Cannabis CEOs' optimism, hyperbole could backfire: PR expert
A cannabis company backed by the retail fortune of Ohio’s Schottenstein family has raised about US$65 million as it prepares to be publicly traded in Canada.
Green Growth Brands, which is run by former Victoria’s Secret and American Eagle Outfitters Inc. executive Peter Horvath, has purchased an existing marijuana operation in the Las Vegas area and is looking to get licenses to operate in Massachusetts, Florida and New Jersey.
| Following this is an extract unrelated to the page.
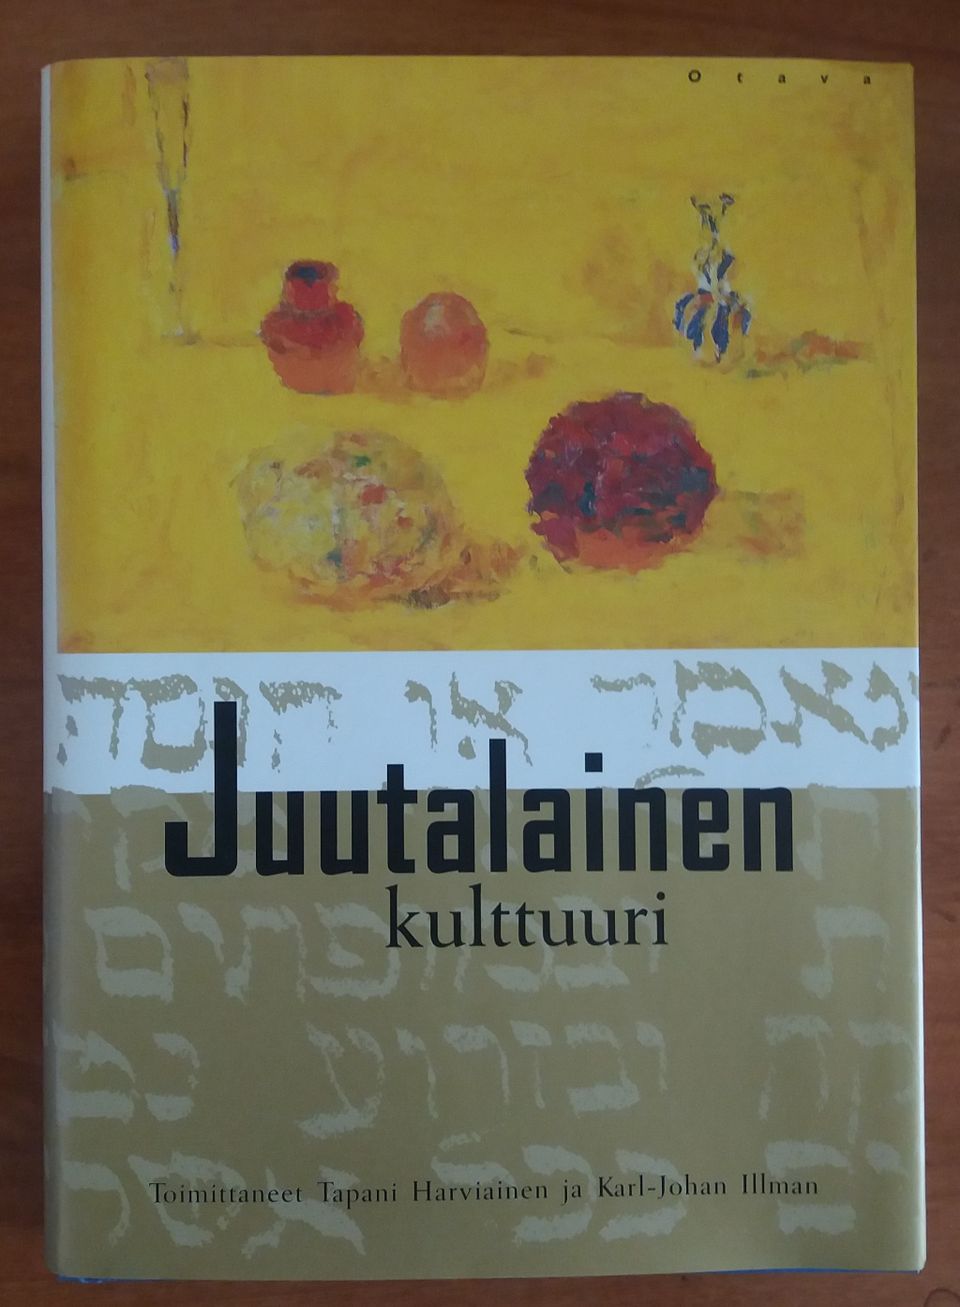 Harviainen Tapani, Illman Karl-Johan toim. JUUTALAINEN KULTTUURI Otava 2p 2001

The new funding round included investments from the Schottensteins and Horvath, and precedes a stock listing in Canada in coming weeks through a reverse takeover.
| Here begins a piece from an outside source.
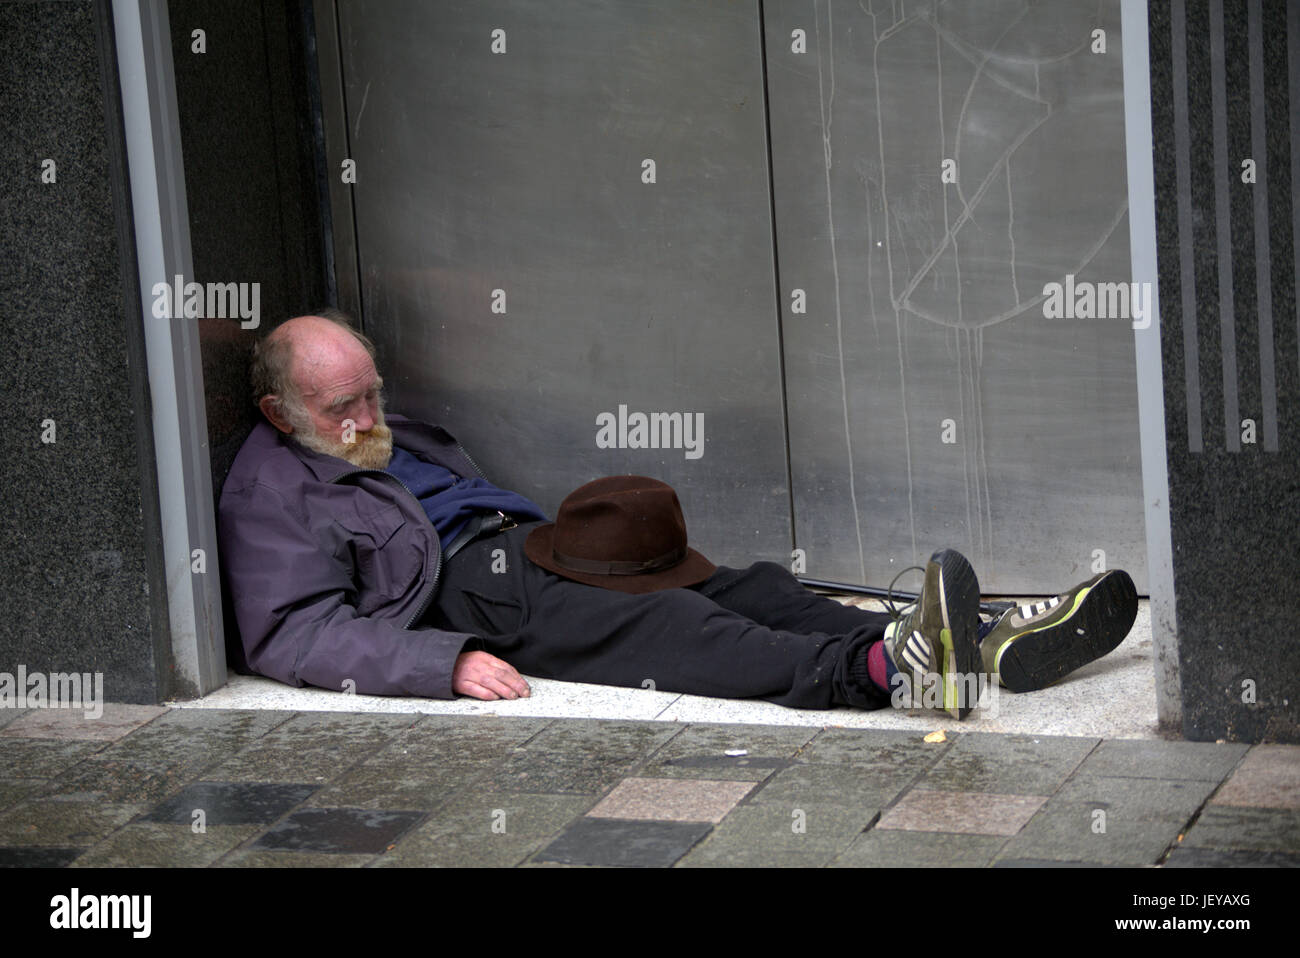 Sans-abri mendicité chômeur ancien senior citizen dao couché dans une porte avec hat inappropriée Banque D'Images

Green Growth, based in Columbus, Ohio, was started in March, with backing from the Schottenstein family, who, in addition to real estate holdings, are part owners of the shoe retailer DSW Inc. and teen clothing chain American Eagle Outfitters. Jay Schottenstein is the chairman of both companies and is chief executive officer of American Eagle.
Green Growth is focused on the burgeoning cannabis retail market in the U.S., with Horvath banking on his experience selling underwear and apparel to help drive growth as marijuana goes mainstream.
“There are some critical differences, but 90 per cent of what customers experience and what they expect is the same,” Horvath said, comparing marijuana to the products sold by his former companies. “There’s a lot of interest in leveraging our skill set.”
Over the summer, Green Growth agreed to buy Xanthic Biopharma, an existing public company based in Toronto. Part of the funding round is going towards Xanthic’s acquisition of a Las Vegas cannabis operation that includes a retail store, a grow operation and distribution license. Once the deal with Xanthic closes, Green Growth will be publicly traded in Canada, Horvath said. The company is applying for additional licenses to operate in Nevada.
Horvath, 60, said cannabis had not previously “been part of his lifestyle” but that he was intrigued by the opportunity to bring the lessons he learned in retail to an industry that is just getting off the ground. He’s noticed a lot of Wall Street veterans showing up now that the investment boom is on, and while bankers are good at raising money, he thinks retail experience will be key as more and more states legalize cannabis.
“They’re intelligent, but they don’t know what they don’t know,” he said. “We know how to compete for consumer and win.”